07/09/2012
VICISSITUDINI DEL DESIDERIO
2012_09_07_111
«Una sedia a rotelle fatta viaggiare a una velocità ingovernabile: Lacan ha proposto un'immagine alla Hitchcock per raffigurare un'economia che già negli anni Settanta considerava destinata fatalmente a scoppiare. Non parlava certo da economista e in più era un liberale conservatore, eppure sul 'discorso del capitalista' è stato di una chiaroveggenza speciale. Perché ne coglieva la dimensione 'pulsionale' con il trionfo del narcisismo e il culto dell'homo felix impegnato nella ricerca del proprio benessere individuale. Qualcosa di 'folle', di 'infernale', di 'insostenibile'». Partendo dalla lezione di Lacan, Massimo Recalcati individua nella trasformazione del desiderio una chiave interpretativa fondamentale per leggere la società contemporanea.
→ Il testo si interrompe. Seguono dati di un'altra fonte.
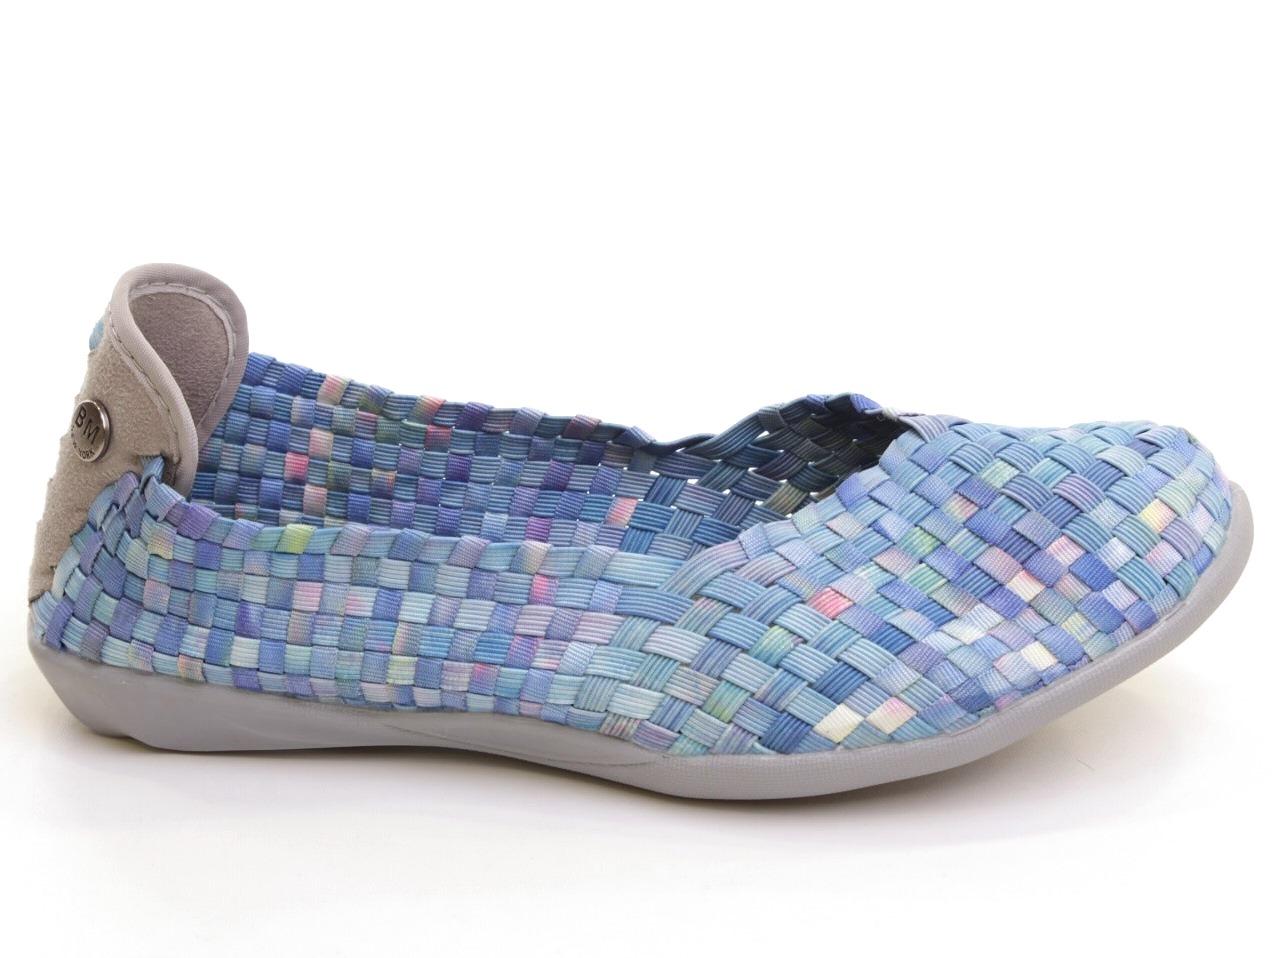 Zapatos Planos, Sabrinas, Mocassins Bernie Mev - 632 BM CATWALK

La spinta al godimento senza limiti propria del nostro tempo - secondo l'autore di Ritratti del desiderio - travolge l'idea stessa di comunità e mette in crisi i legami sociali.
Lo incontra Cristina Faccincani, autrice di Alle radici del simbolico.
Lo incontra Cristina Faccincani, autrice di Alle radici del simbolico.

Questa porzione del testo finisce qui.